• **Collected data**:
○ ○ ○

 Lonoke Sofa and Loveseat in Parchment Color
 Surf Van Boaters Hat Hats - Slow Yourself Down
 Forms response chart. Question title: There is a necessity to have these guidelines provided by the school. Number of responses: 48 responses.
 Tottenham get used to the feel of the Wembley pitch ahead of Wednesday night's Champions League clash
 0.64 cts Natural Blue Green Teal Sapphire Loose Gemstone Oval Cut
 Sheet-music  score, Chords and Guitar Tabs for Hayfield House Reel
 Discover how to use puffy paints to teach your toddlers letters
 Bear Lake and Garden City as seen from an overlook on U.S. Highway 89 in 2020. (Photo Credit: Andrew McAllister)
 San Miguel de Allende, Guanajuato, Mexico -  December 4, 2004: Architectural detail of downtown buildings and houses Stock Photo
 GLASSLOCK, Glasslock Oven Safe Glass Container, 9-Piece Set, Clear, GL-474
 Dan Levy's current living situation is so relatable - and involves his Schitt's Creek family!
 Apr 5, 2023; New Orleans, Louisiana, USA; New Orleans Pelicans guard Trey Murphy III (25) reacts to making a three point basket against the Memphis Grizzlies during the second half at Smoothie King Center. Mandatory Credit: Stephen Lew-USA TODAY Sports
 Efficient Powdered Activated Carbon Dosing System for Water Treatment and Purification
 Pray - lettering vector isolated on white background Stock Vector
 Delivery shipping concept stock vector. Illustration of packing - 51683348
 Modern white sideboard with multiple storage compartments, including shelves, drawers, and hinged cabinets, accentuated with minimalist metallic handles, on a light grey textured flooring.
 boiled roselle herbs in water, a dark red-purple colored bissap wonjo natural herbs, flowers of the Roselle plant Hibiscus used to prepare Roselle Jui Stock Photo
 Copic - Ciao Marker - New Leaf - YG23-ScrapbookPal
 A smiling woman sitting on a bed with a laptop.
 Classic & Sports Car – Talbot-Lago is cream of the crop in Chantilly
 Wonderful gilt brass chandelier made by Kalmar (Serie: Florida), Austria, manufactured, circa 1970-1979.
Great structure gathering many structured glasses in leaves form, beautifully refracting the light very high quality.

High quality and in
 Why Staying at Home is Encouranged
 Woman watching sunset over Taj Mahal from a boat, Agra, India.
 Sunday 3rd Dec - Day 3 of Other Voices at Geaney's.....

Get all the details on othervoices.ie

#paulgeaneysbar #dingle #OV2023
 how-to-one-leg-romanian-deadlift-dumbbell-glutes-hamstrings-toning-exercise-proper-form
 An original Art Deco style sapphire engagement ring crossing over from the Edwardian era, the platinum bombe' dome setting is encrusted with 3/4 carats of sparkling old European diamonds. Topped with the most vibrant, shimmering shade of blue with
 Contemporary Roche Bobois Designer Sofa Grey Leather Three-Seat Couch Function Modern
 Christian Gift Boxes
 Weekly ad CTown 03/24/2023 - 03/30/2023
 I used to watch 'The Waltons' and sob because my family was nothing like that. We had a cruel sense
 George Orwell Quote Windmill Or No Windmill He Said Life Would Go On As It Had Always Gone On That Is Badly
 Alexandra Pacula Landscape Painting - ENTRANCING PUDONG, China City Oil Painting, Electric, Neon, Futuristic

○ ○ ○

• **PROBLEM REQUIREMENTS**:
What you return must be an exact retyping of the lines above starting at the line with "boiled roselle herbs" and ending at the line with "Why Staying at Home is Encouranged", and nothing besides.

• **SOLUTION TO THIS PROBLEM**:
 boiled roselle herbs in water, a dark red-purple colored bissap wonjo natural herbs, flowers of the Roselle plant Hibiscus used to prepare Roselle Jui Stock Photo
 Copic - Ciao Marker - New Leaf - YG23-ScrapbookPal
 A smiling woman sitting on a bed with a laptop.
 Classic & Sports Car – Talbot-Lago is cream of the crop in Chantilly
 Wonderful gilt brass chandelier made by Kalmar (Serie: Florida), Austria, manufactured, circa 1970-1979.
Great structure gathering many structured glasses in leaves form, beautifully refracting the light very high quality.

High quality and in
 Why Staying at Home is Encouranged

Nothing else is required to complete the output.